→ **GOAL OF THE EXERCISE**
Return the listing exactly. Keep no pictures.

→ **SUPPLIED DATA**
-*-

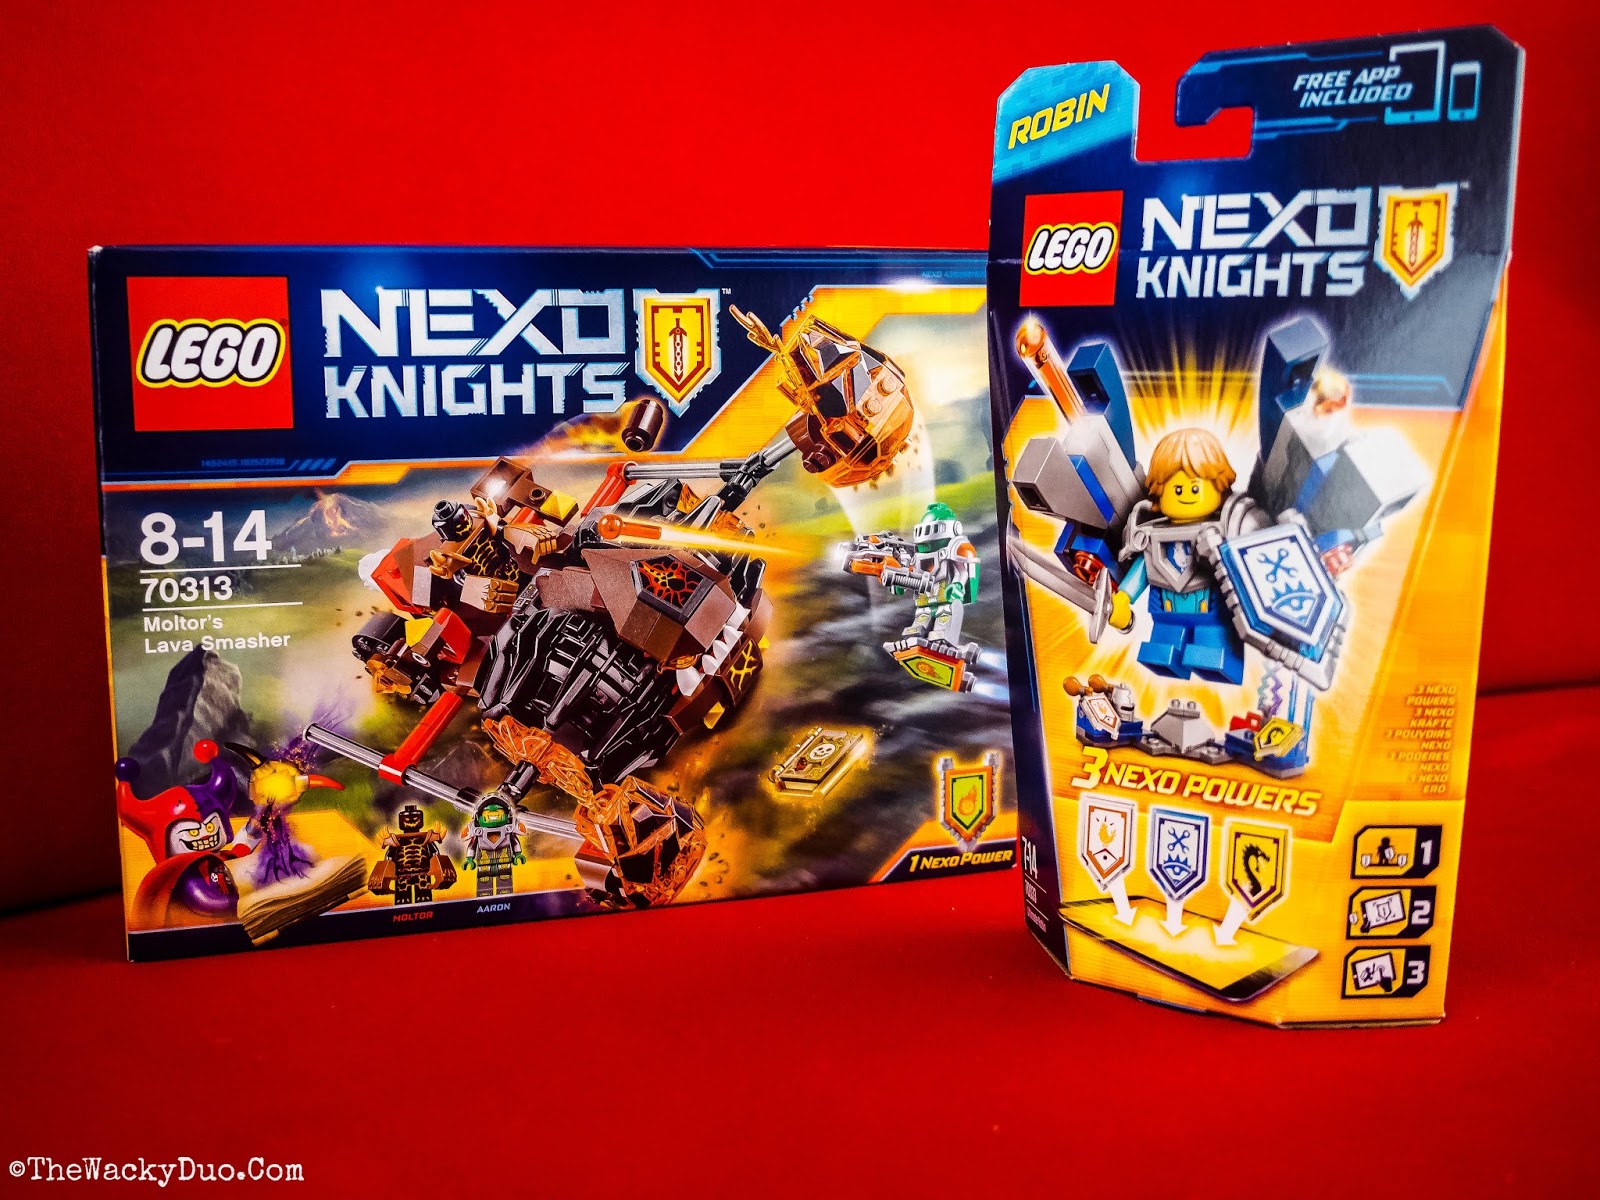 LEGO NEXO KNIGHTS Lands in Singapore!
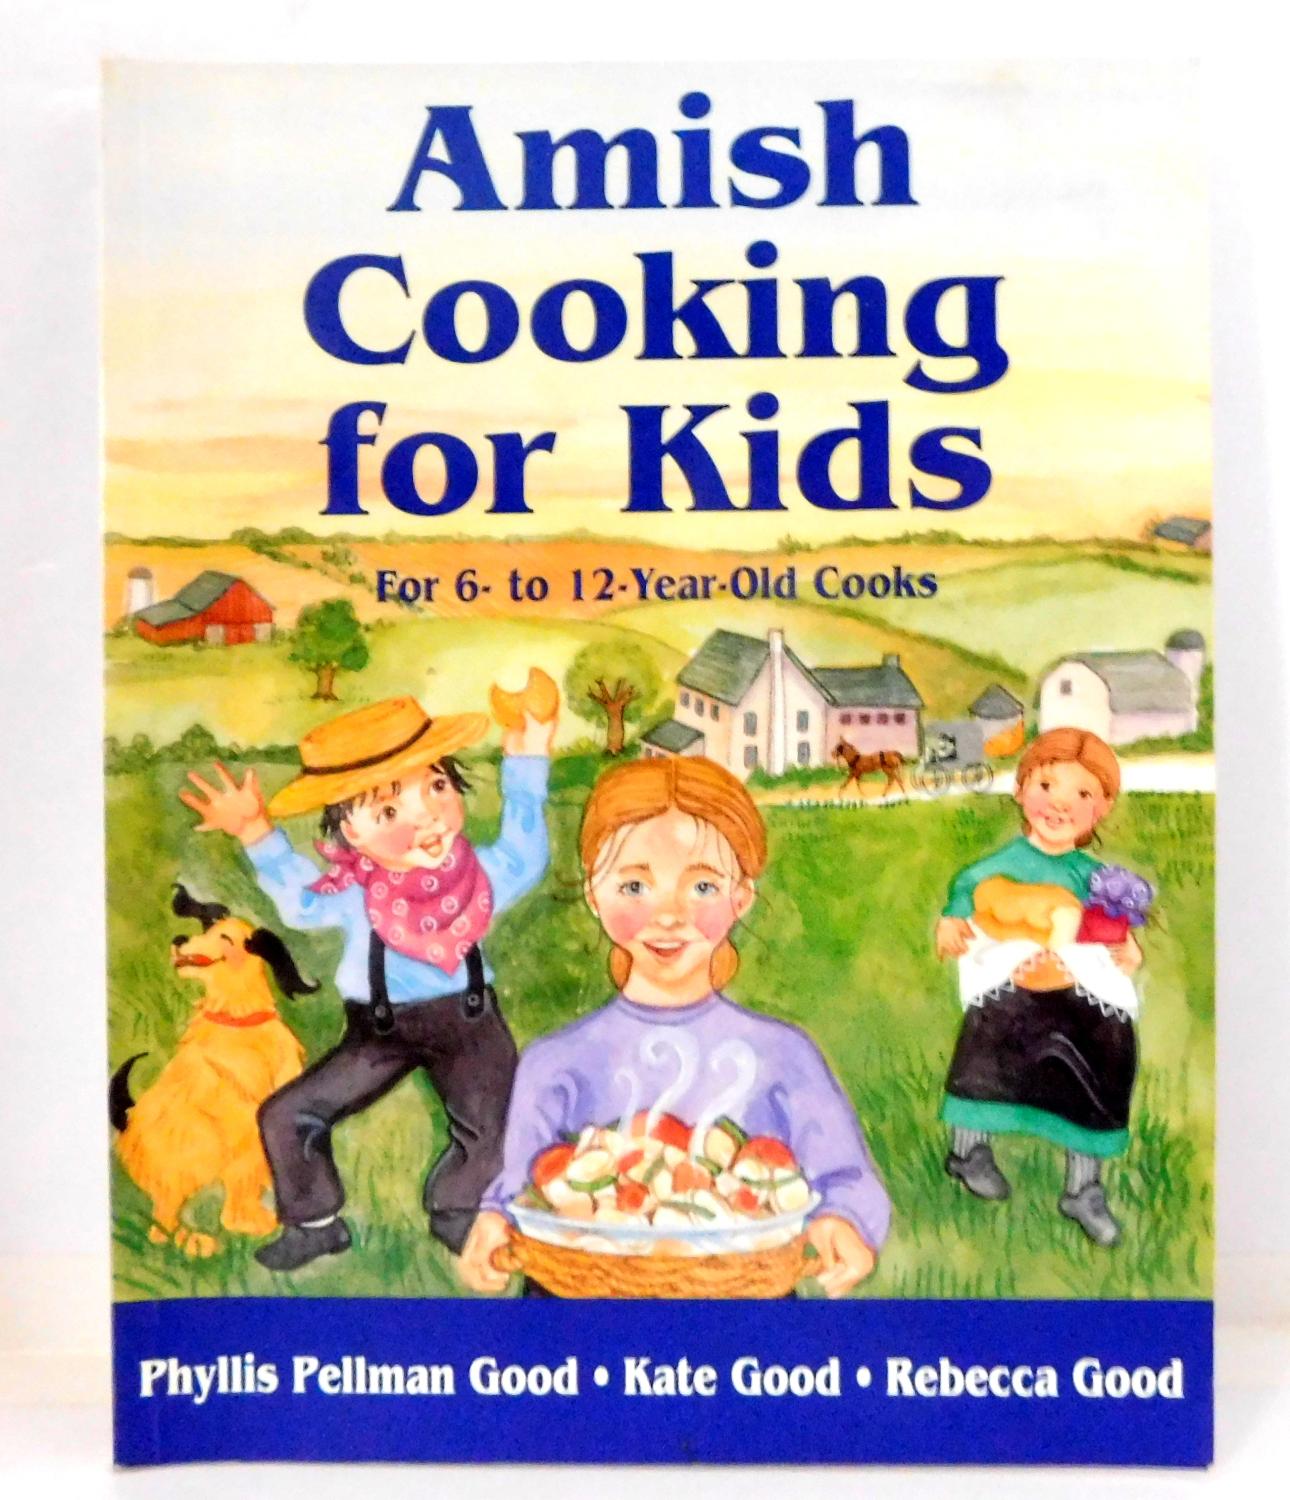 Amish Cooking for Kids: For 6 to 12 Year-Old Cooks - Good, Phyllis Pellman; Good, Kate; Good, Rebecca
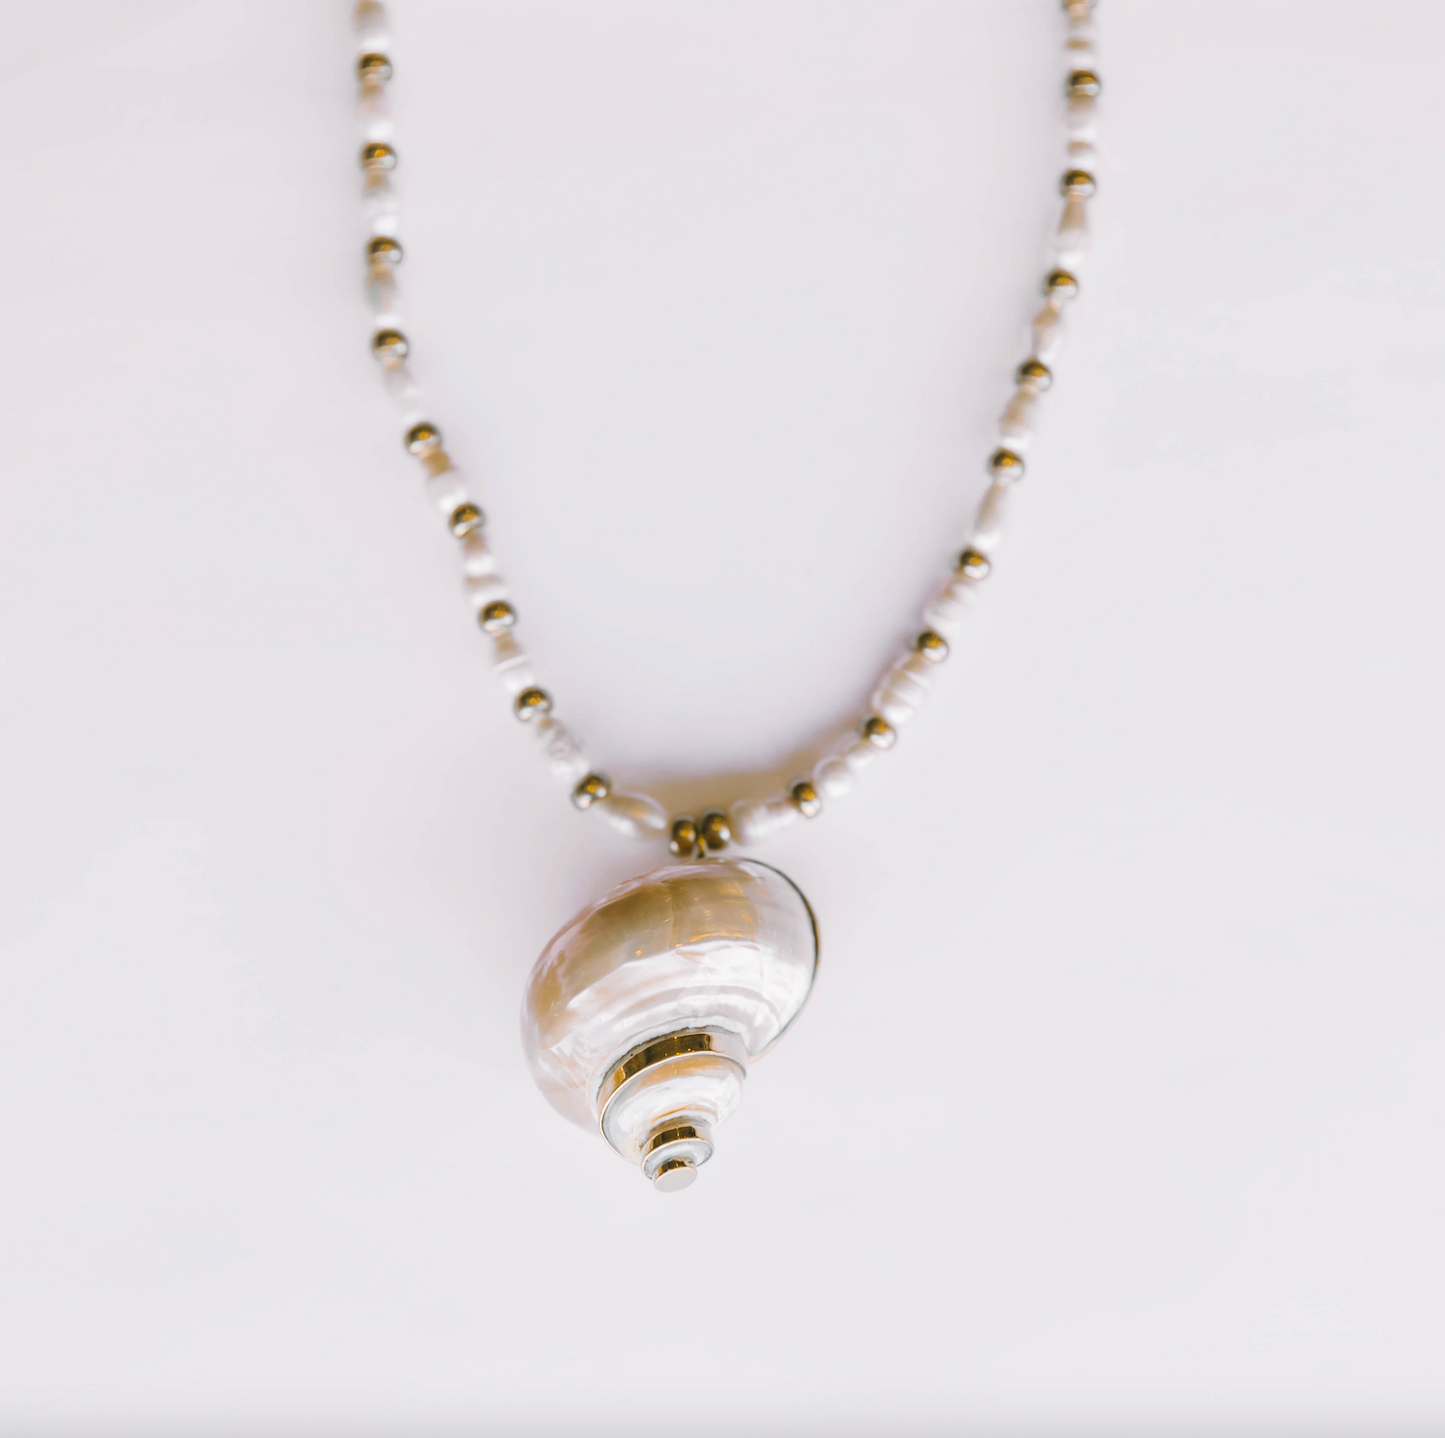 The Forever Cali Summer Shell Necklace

-*-

→ **RESULT OF THIS EXERCISE**
 LEGO NEXO KNIGHTS Lands in Singapore!
 Amish Cooking for Kids: For 6 to 12 Year-Old Cooks - Good, Phyllis Pellman; Good, Kate; Good, Rebecca
 The Forever Cali Summer Shell Necklace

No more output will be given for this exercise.